My will was broken and then, Grace
In a whirlwind series of miraculous legal events, my husband was removed from the home and prevented from contact for seven years. Every time he stepped a toe out of line, he was slapped in jail. God was at work protecting me and my children. All I had to do was submit to God’s Biblical order, repent of my sin and grace was poured out. I stopped asking God to line up with my will and started lining myself up with His will.
It’s hard to imagine but just like Israel in the desert after being rescued from Egypt, I rebelled hard against God. I had my freedom and I wasn’t about to give God any credit. Then God stepped in with more kindness toward me. He redeemed the situation by providing me with a new Godly husband that fulfills the righteous call (submitting) of a husband.
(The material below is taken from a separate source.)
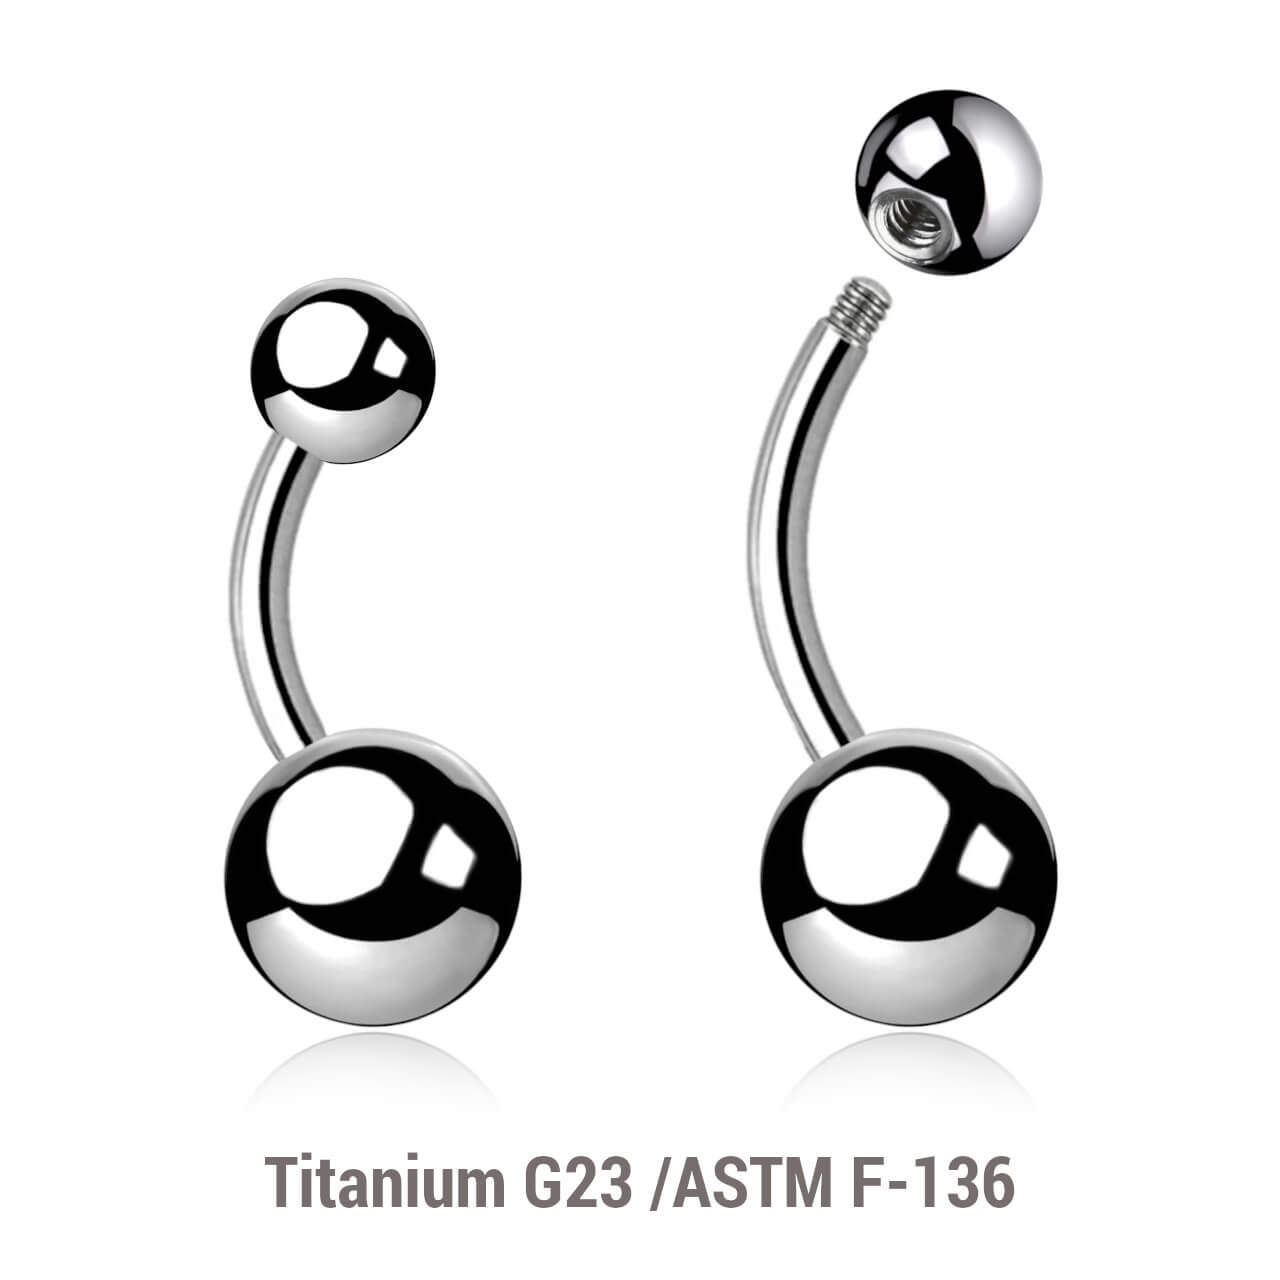 TBN16B58 Lot of 10 high polished G23 titanium belly bananas, Thickness 1.6mm, Ball size 5 + 8mm

God’s kindness was undeserved and I was beyond ashamed. This led to repentance and obedience; which lead to an unquenchable craving for God’s ways instead of my own……yep, that’s God’s plan in a nutshell.
I am now so very thankful for the evil I was once married to. I never would have cried out to my Maker without those two decades of abuse. I needed those horrible and rebellious experiences to break me of my arrogance and lack of submission. I can honestly say I would do that marriage all over again to have the precious gift of submission I now have. Praise God for His kindness and disciplining hand.
Biblical submission doesn’t require two nice, equal people doing nice, equal things to make honor and respect work. It only takes one flawed believer following a real plan. What is that plan? If you really want to know, you will listen to the Q&A from January 21, 2018, “Submission & Divorce“.
Next week we will look at the misinformation surrounding divorce. Do you have a legitimate reason for divorce? Maybe so. Maybe not. Do you have Godly elders shepherding you properly through the madness? If not, you need to know this doesn’t excuse you from dealing with the sin in the situation, regardless if it’s yours or your spouses. You must takes steps to resolve and restore the sinner(s). That’s how we grow in holiness and set ourselves apart from the world.